In keeping with the name of this blog in past posts I have featured art works that involve images of bottles by well-known artists, including Braque, Vlaminck, Tom Wesselman, and Andy Warhol. See the references below in “Note.” In this post I am recognizing an artist whose reputation in large part is based on his representations of bottles and other glass, ceramic and metal vessels gathered in his studio. His name is Giorgio Morandi, shown here with some of the items. Look carefully since you will see them again in some of the paintings to follow.
Morandi was born in Bologna, Italy, on July 20, 1890, the son of Andrea and Maria (Maccaferri) Morandi. The eldest of five children, Giorgio exhibited an artistic talent from an early age and in 1907 was sent to Bologna’s Academy of Find Arts where he excelled in his studies. Tragedy was to strike twice during his youth. In 1903 his brother Guiseppe died and in 1909 his father as well, leaving a family in which the youngest child was only three. At 19 years old Giorgio became the head of the family.
Despite these setbacks Morandi pressed ahead with his art, obtaining a position as instructor of drawing for elementary schools in Bologna, a city in which he would spend his entire life. With 20th Century improvements in communication he early was exposed to and influenced by the art of Cezanne, Derain, Douanier Rousseau, and later Picasso.
From Cezanne in particular Morandi understood the drama that everyday objects — vases, bottles, cup, bowls, fruit — could bring to a painting. An early effort shown above bears distinct relationship to the French post-Impressionist master. This effort appears classical and stiff, however, when compared to Morandi’s later efforts. He began increasingly to focus on the subtle changes of color, of atmosphere and arrangement of objects.
In Italian this kind of art is called “natura morta” or still life. Morandi proved to be a master of the genre, gathering items into his studio that would be painted over and over again. Note, for example, the tin cans in the photo of the artist. They would appear repeatedly in his art in tandem with vases, cups and other shapes.

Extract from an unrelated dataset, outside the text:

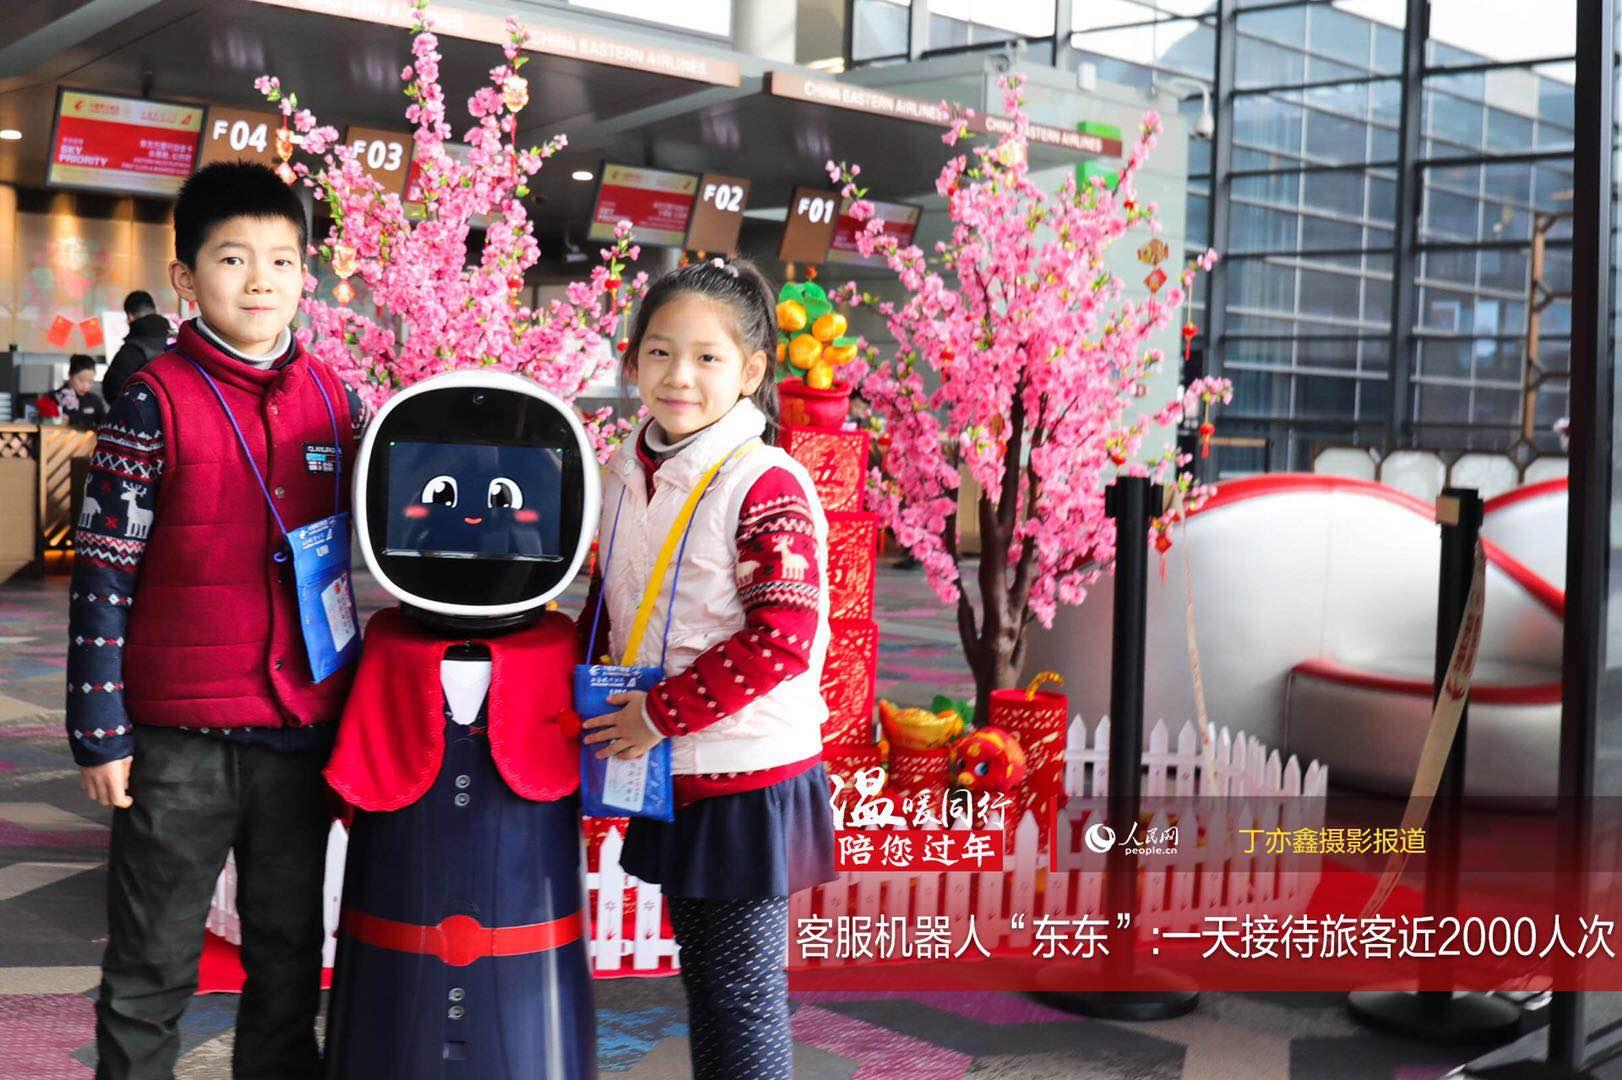 """临近春节,在外辛苦工作打拼了一年的人们陆续踏上了回家过年的路,上海虹桥机场也是人头攒动。熙熙攘攘的值机大厅里,一抹红色的身影让许多乘客停下了脚步,有小朋友也有老人,他们在它周围好奇地打量着,这抹身影就是东方航空的机器人服务员——""""东东""""。"""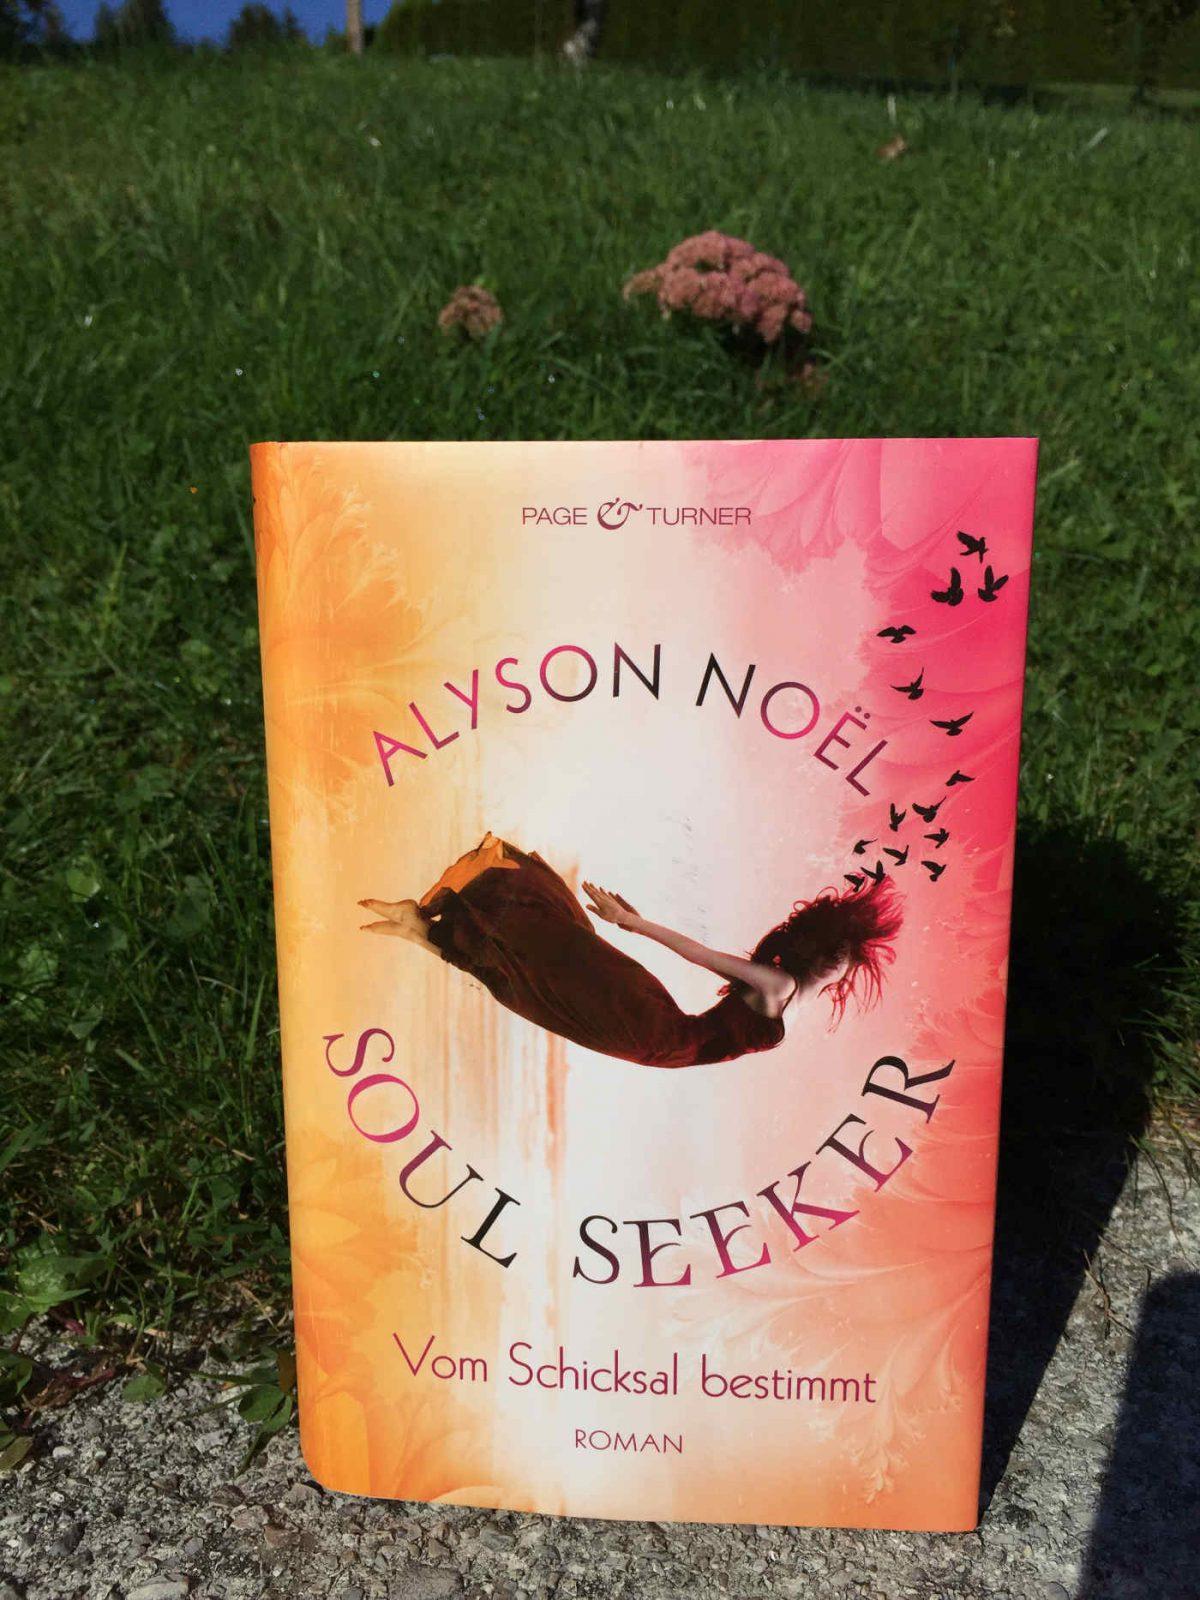 Alyson Noel: Soul Seeker: Vom Schicksal bestimmt

As shown here, glass bottles were also objects of Morandi’s attention. The painting below appears to have two tall wine bottles in the background, as well as a milk glass bottle that might have held a liqueur like absinthe. Note too the carafe at the left. The wine it contains can clearly be seen through the glass.
Morandi also was enamored of the shapes of ceramic objects, particularly the bottle or jug shape. Shown here is a grouping of several such objects, two of them very similar in shape, usually termed by bottle collectors as “lady’s leg.”
The artist has emphasized them by backing each with an unidentifiable dark object. Note his faint signature at the bottom of the work.
As he continued painting for more than a half century, Morandi continually refined and simplified his approach to his still life paintings. Shown here is a artwork from the 1950s in which he has reduced his objects to five with the only curves are seen on a bottle and cup largely covered by three boxlike objects of varying colors. Simple, but to my eye at least, one of the most sophisticated and elegant of his “natura morta.”
A prolific worker, Morandi completed an estimated 1,350 paintings during his lifetime. Providing that he was not just “a one trick pony” with his still life output he also was a superb landscape artist, as demonstrated by the picture below. Even then, however, the buildings shown are reminiscent of the boxes above.
As a lifelong resident of Bologna, Morandi was a well recognized figure in his home town. He never married, living on Via Fordazza all his life with his three sisters. He died on June 18, 1964 and is buried in a family tomb at Bologna’s Certosa Cemetery. His reputation in the art world has continued to be strong, with major exhibitions this century at the New York Metropolitan Museum of Art and the Brussels Center for Fine Arts. His work is on continuous display at the Giorgio Morandi Museum in Bologna.
Note: Other posts on this blog that have featured bottles in art are the following: Andy Warhol, January 28, 2011; George Braque, July 20, 2013; Tom Wesselman, December 7, 2013, and Maurice de Vlaminck, January 18, 2014.